• [DIRECTIONS] Copy each line below word for word and drop every image.

• [DATA]
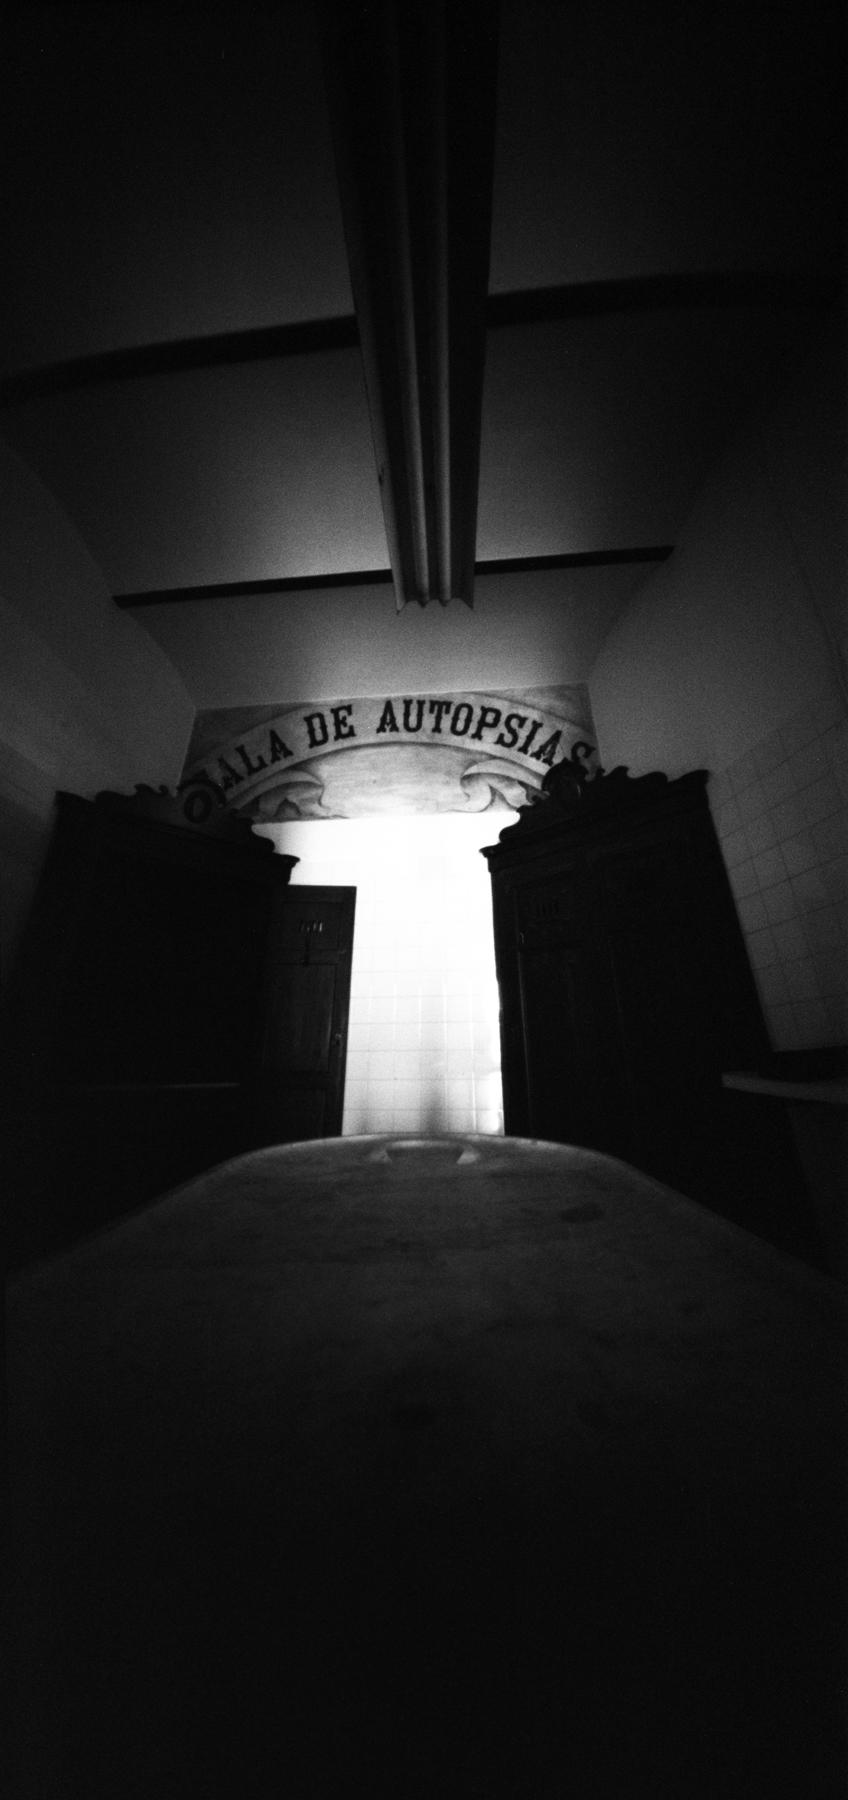 Jesús Joglar | Autopsy Room | 6x12 pinhole | Ilford HP5
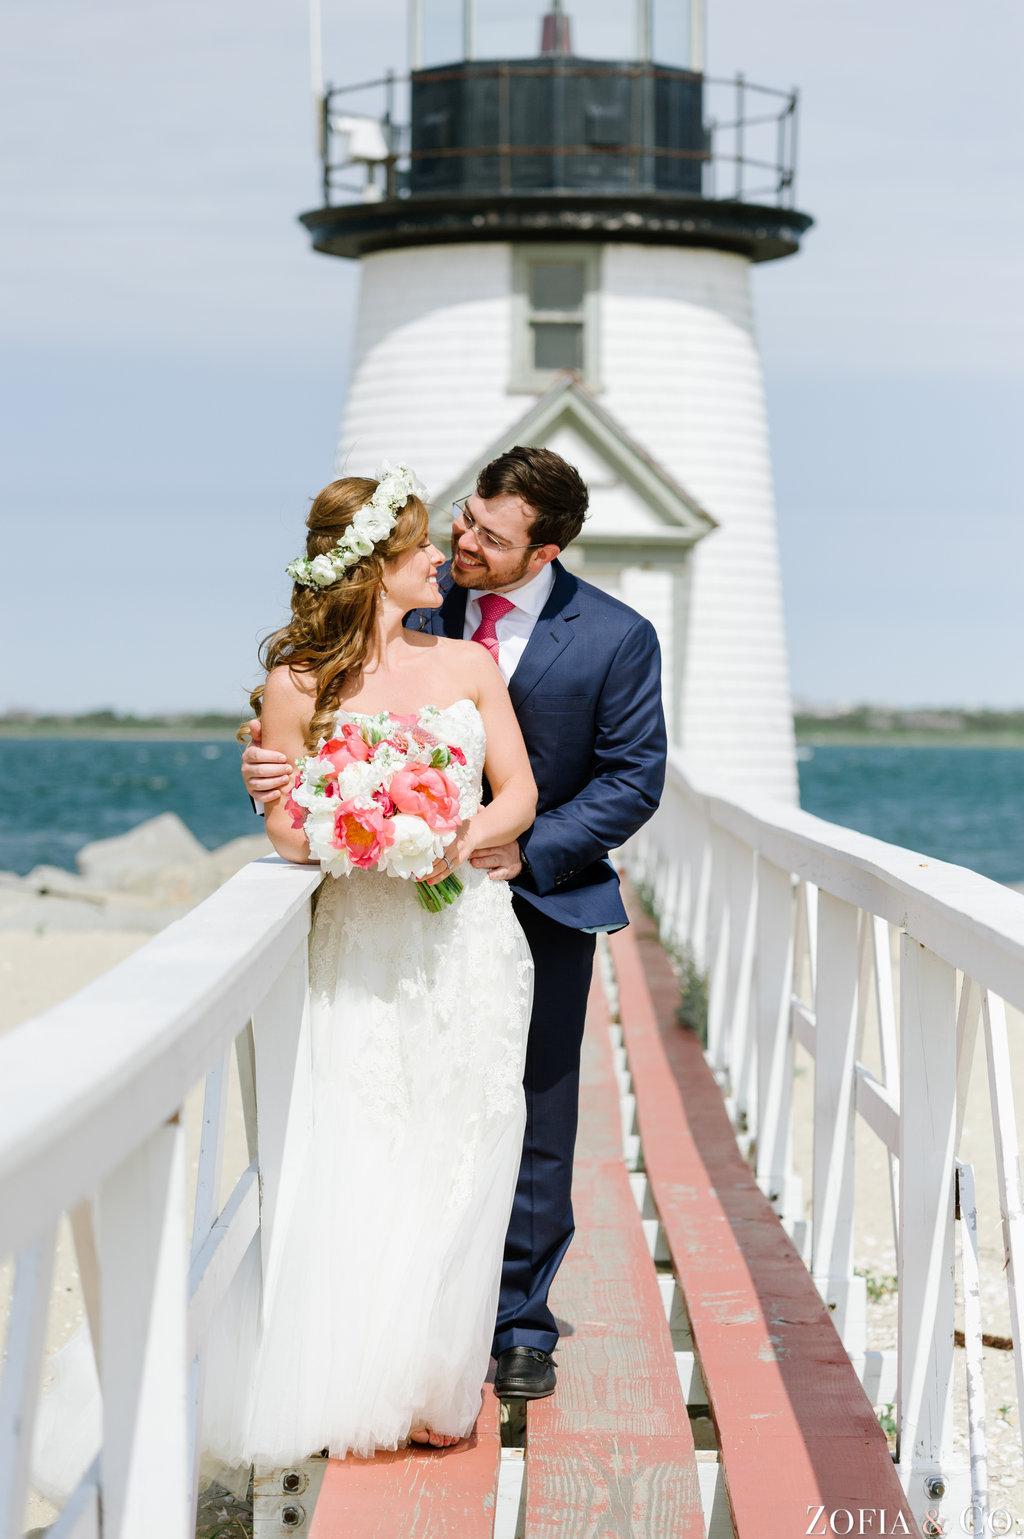 Ceci_New_York_Style_Luxury_Custom_Summer_Wedding_CeciBride_Nautical_Blue_Gold_Letterpress_Foil_160.jpg
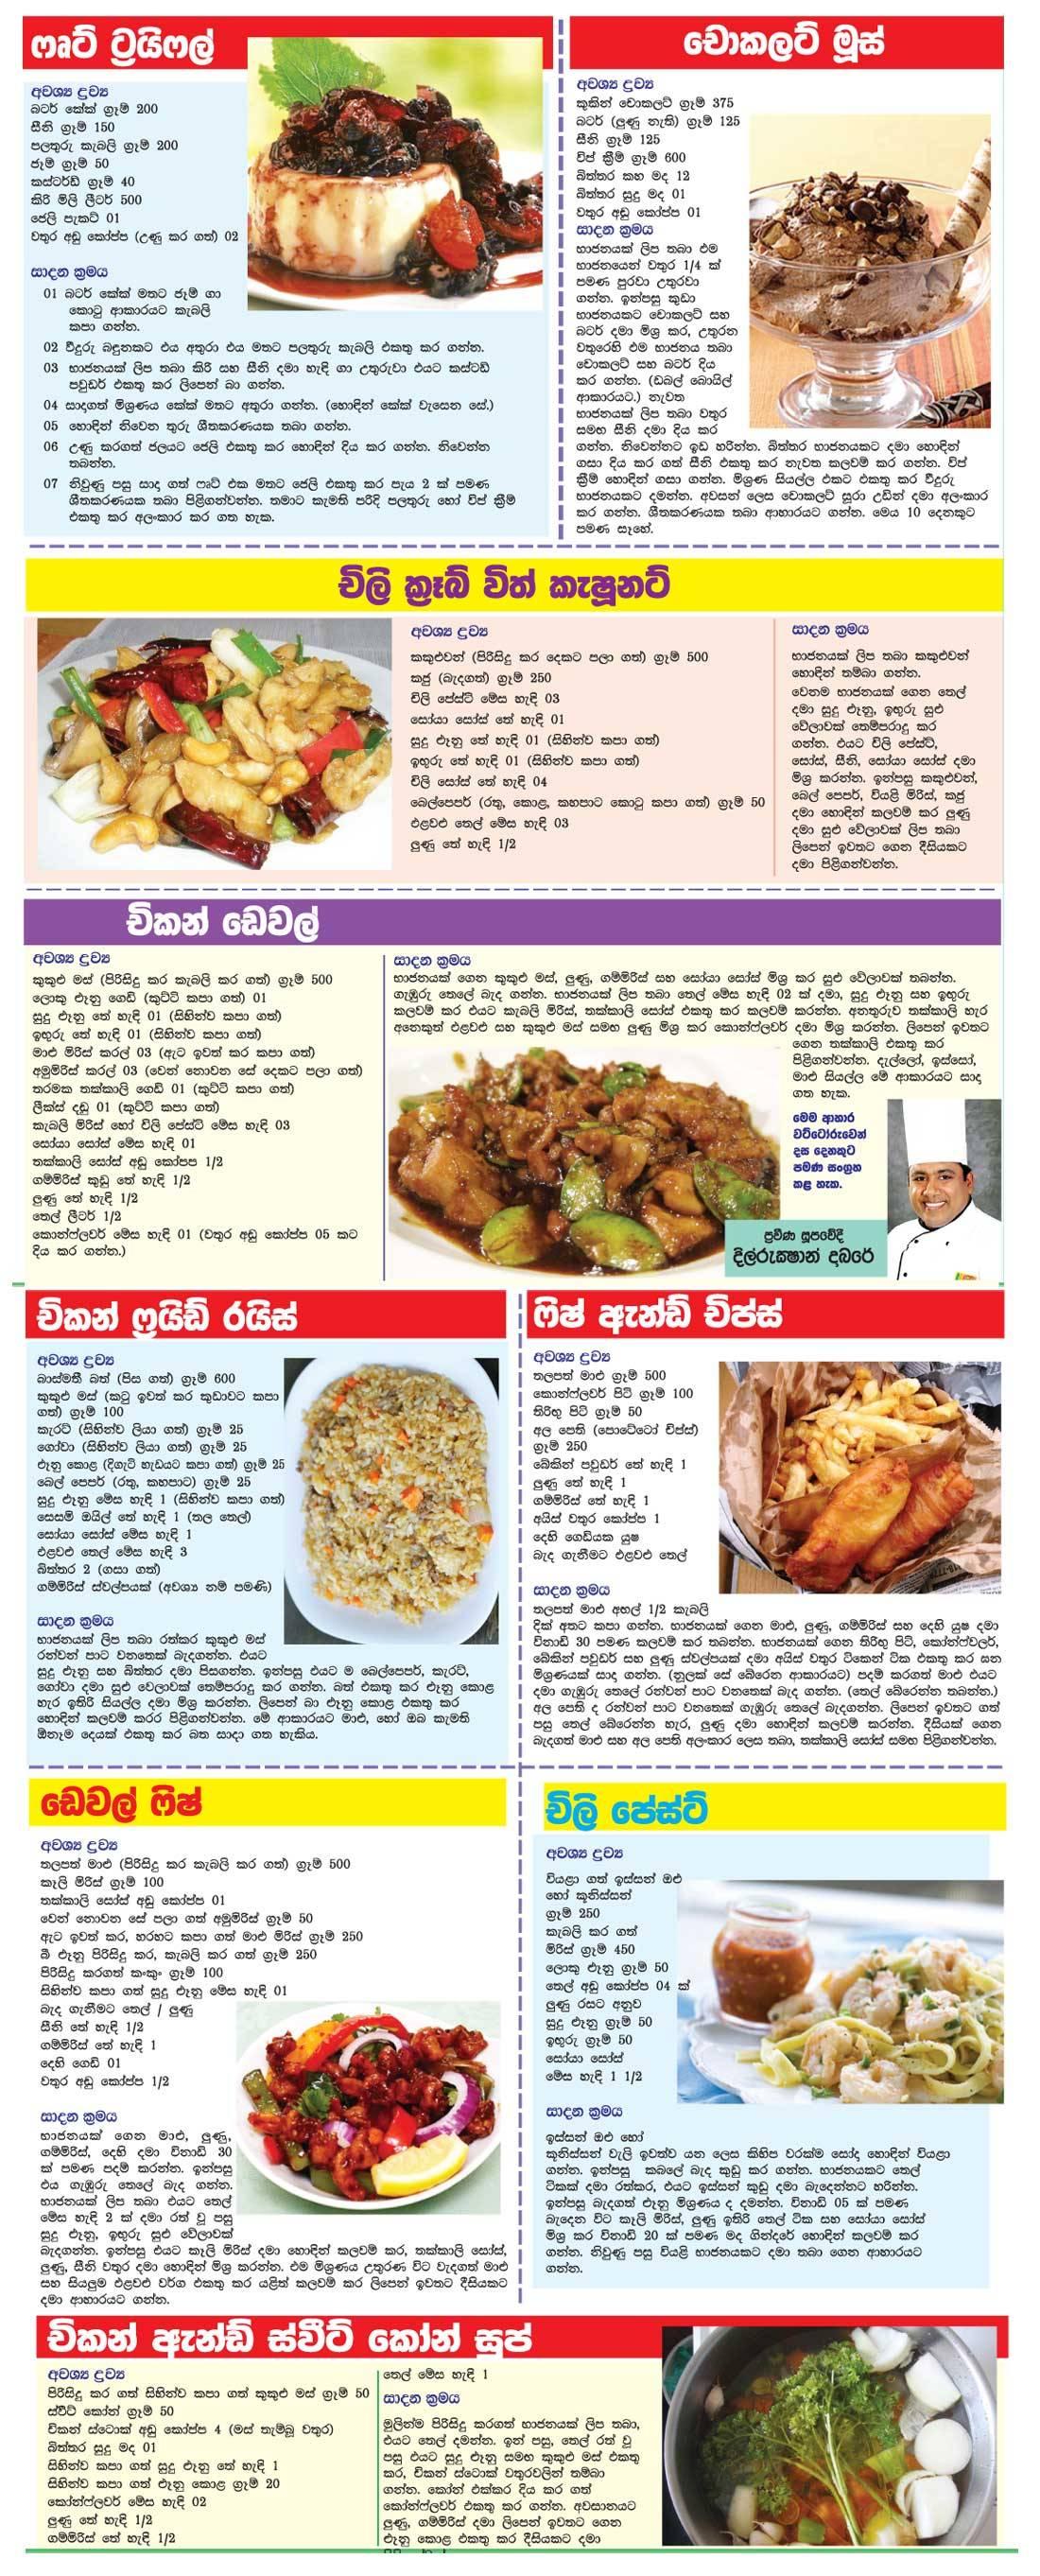 20 Fantastic Ideas Sinhala Language Wedding Cake Recipes Sinhala Boudoir Paris

• [FINISHED TASK]
 Jesús Joglar | Autopsy Room | 6x12 pinhole | Ilford HP5
 Ceci_New_York_Style_Luxury_Custom_Summer_Wedding_CeciBride_Nautical_Blue_Gold_Letterpress_Foil_160.jpg
 20 Fantastic Ideas Sinhala Language Wedding Cake Recipes Sinhala Boudoir Paris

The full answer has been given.